Immunofluorescence (IF) staining
The cells were fixed with 4% paraformaldehyde at room temperature for 10 min, followed by blocking with 5% BSA in phosphate-buffered saline (PBS) containing 0.3% Triton X-100 at RT for 30 min. The fixed cells were incubated with primary antibodies at 4 °C overnight, followed by incubation with Cy3- or FITC-conjugated secondary antibodies for 1 h. Finally, the nuclei were stained with DAPI for 10 min, and the cells were washed with PBS three times for 5 min each time between each step. Images were acquired under an optical inverted biomicroscope (Olympus, Japan). For mitochondria-specific staining, the MitoTracker Deep Red FM fluorescence probe (C1032, Beyotime Biotechnology) was used to stain the mitochondria of live cells. After staining, the cells were fixed and permeabilized, followed by staining with other antibodies and DAPI. Images were obtained with a laser scanning confocal microscope (Leica TCS SP8, Germany). The antibodies used for IF included anti-vimentin (Cell Signaling Technology, Cat# 5741, RRID: AB_10695459), anti-E-cadherin (Cell Signaling Technology, Cat# 14472, RRID: AB_2728770), anti-SIRT7 (Santa Cruz Biotechnology, Cat# sc-365344, RRID: AB_10850175) and anti-TUFM (ABclonal, Cat# A6423, RRID: AB_2767025) antibodies.
Immunohistochemistry (IHC) staining assay
The paraffin-embedded tissue sections were deparaffinized and subjected to antigen retrieval, followed by three washes. The sections were then immersed in a 3% hydrogen peroxide solution and incubated in the dark at room temperature for 25 min to block endogenous peroxidase activity. After blocking with 3% BSA, the primary antibody was applied at an appropriate dilution and incubated overnight at 4 °C. The sections were then incubated with the corresponding HRP-labelled secondary antibody at room temperature for 1 h after being washed three times with buffer. Next, the sections were treated with DAB chromogenic solution. The reaction was stopped by rinsing the sections with running water. Counterstaining was performed with haematoxylin to stain the cell nuclei. Finally, the sections were dehydrated, sealed, and observed under a microscope. The antibodies utilized in the experiment included an anti-SIRT7 antibody (Santa Cruz Biotechnology, Cat#sc-365344, RRID: AB_10850175).
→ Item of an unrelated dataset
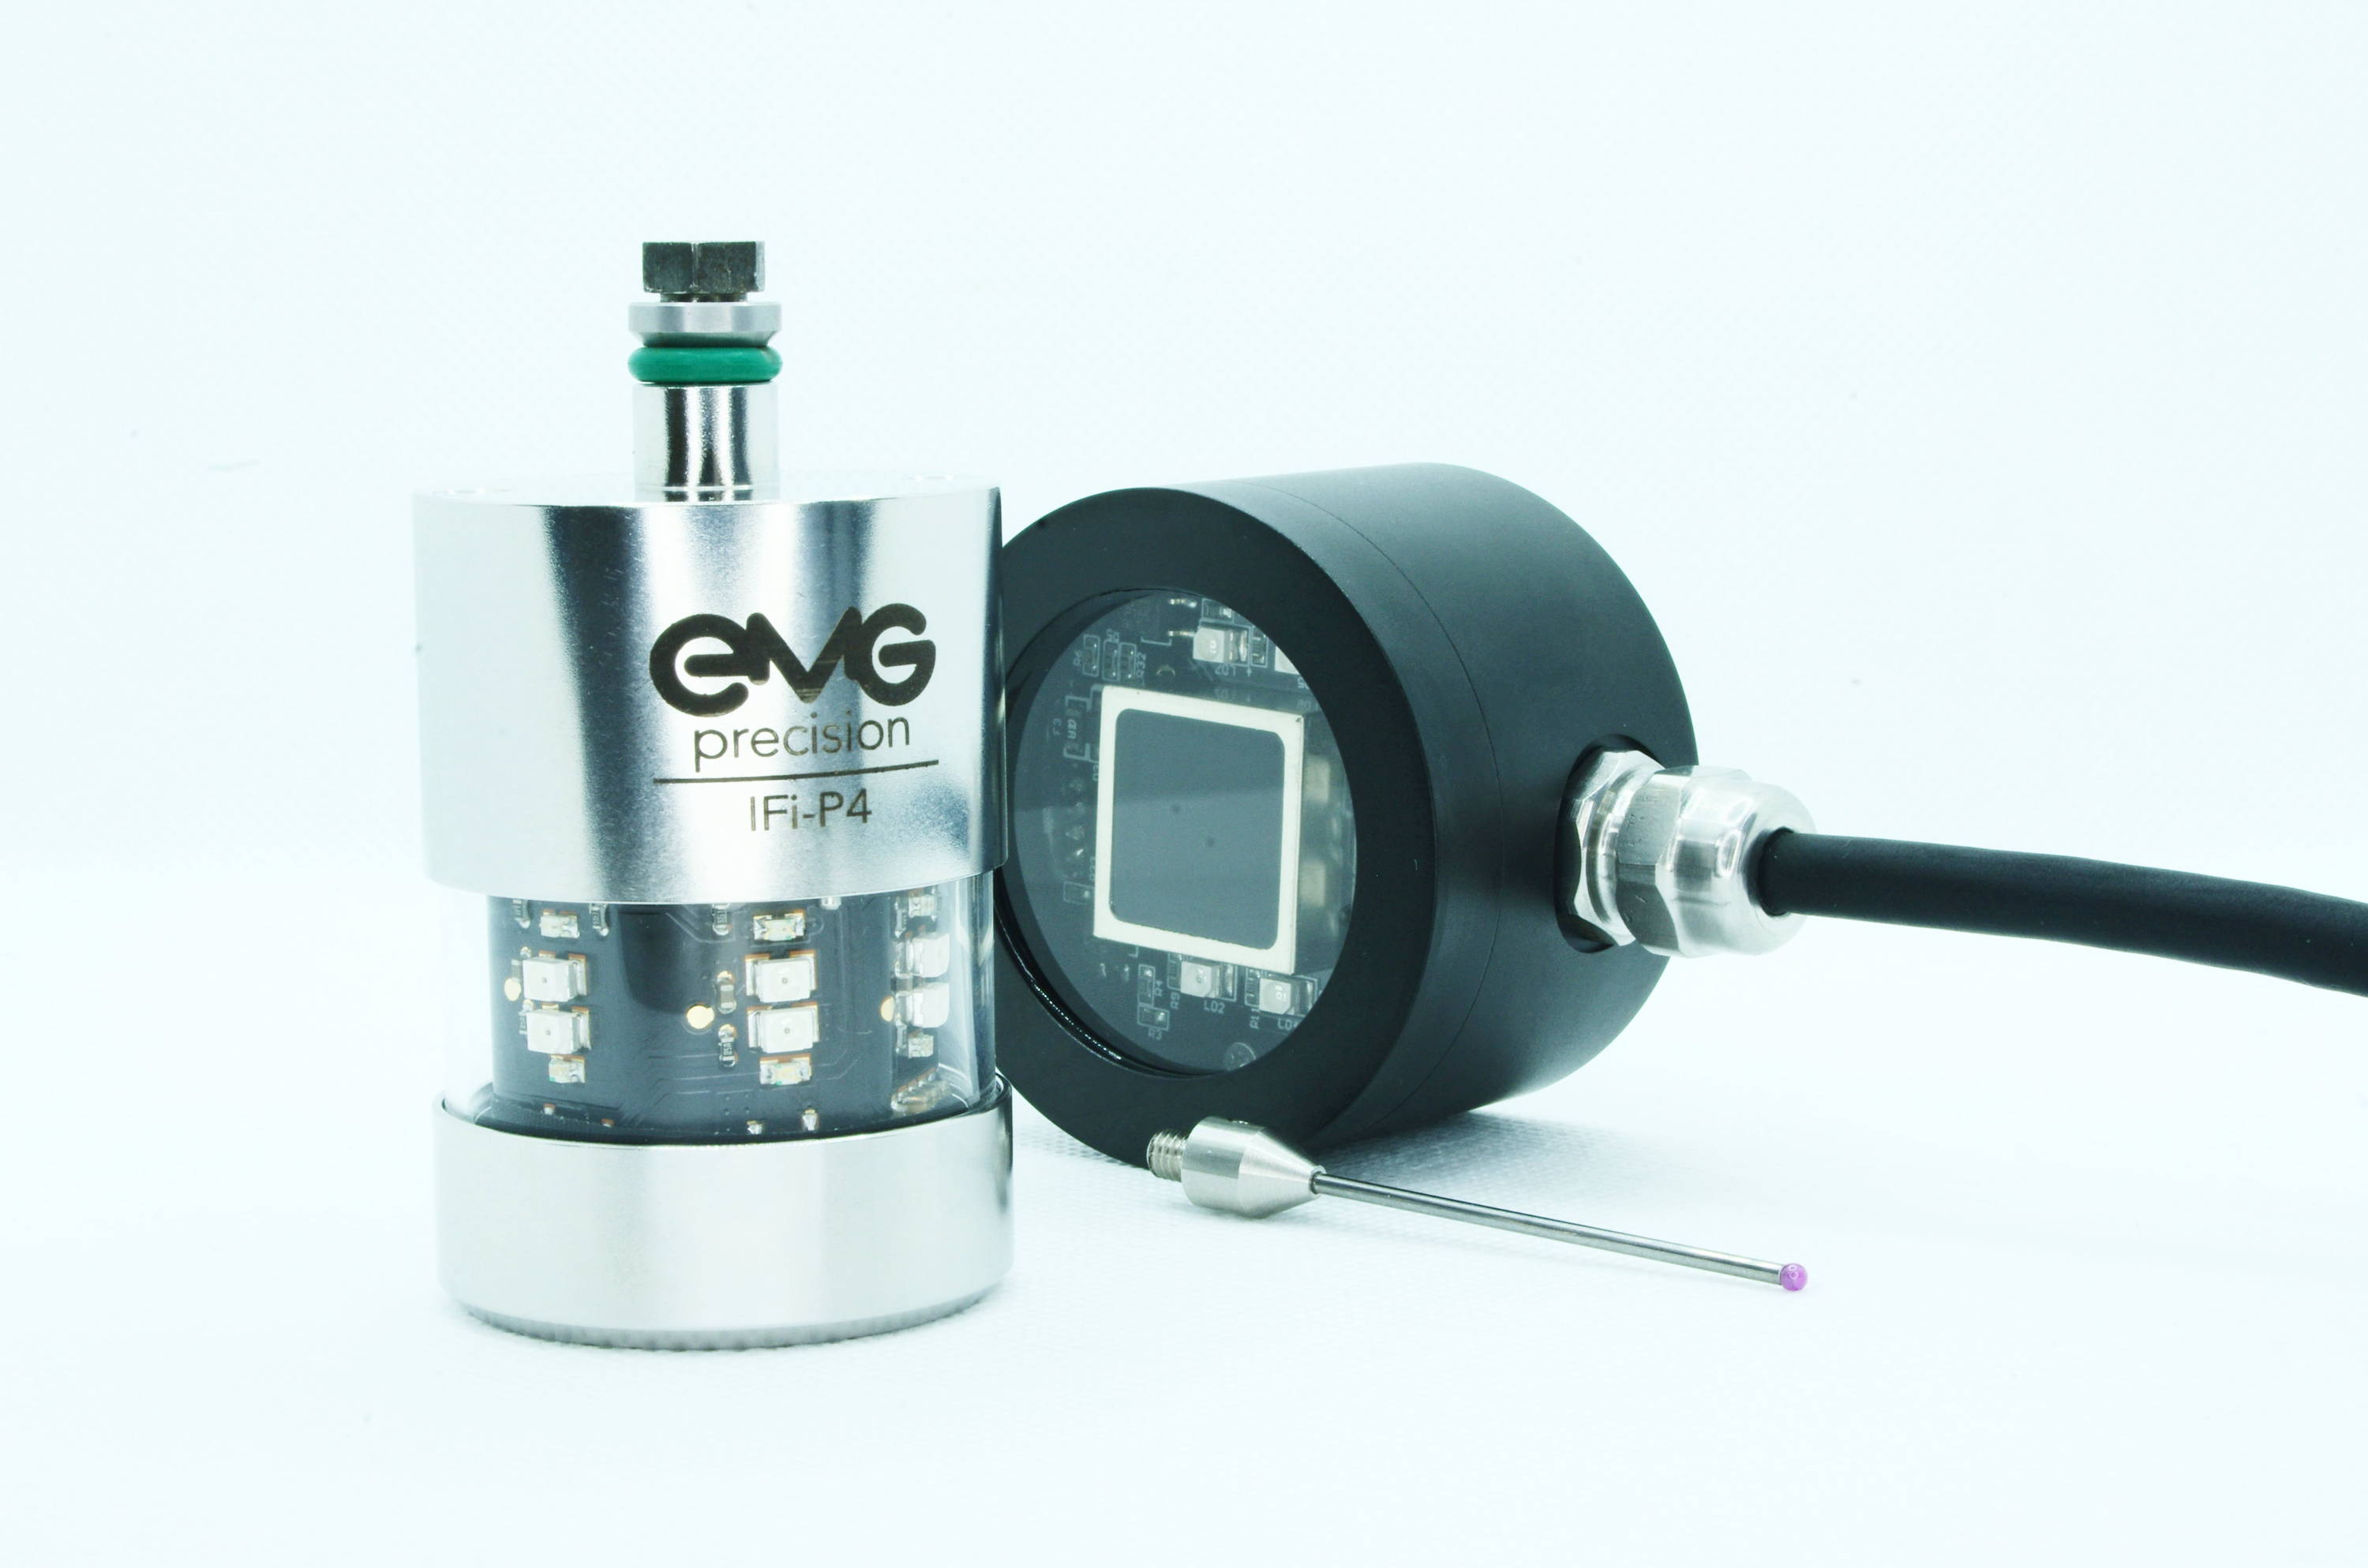 EMF IFi-P4 Touch Probe and Receiver

Immunoprecipitation (IP) and Co-IP
HESCs were lysed with NP-40 RIPA buffer (#N8032, Solarbio Science Technology Company, China) supplemented with the protease inhibitor PMSF at 4 °C for 1 h with continuous rotation, followed by centrifugation at 13 000 × g for 15 min. The cellular extract was precleared with Protein A/G Dynabeads (Thermo Fisher) at 4 °C for 1 h. The precleared lysate (500 µl at 1 mg/ml) was then incubated with 1 µg of antibodies or the IgG control at 4 °C overnight on a tube rotator. The mixture was then incubated with Protein A/G beads for 4 h. The beads bound to the protein complex were washed three times with NP-40 buffer and eluted with 1 × SDS‒PAGE loading buffer (#P0285, Beyotime Biotechnology) at 100 °C for 10 min.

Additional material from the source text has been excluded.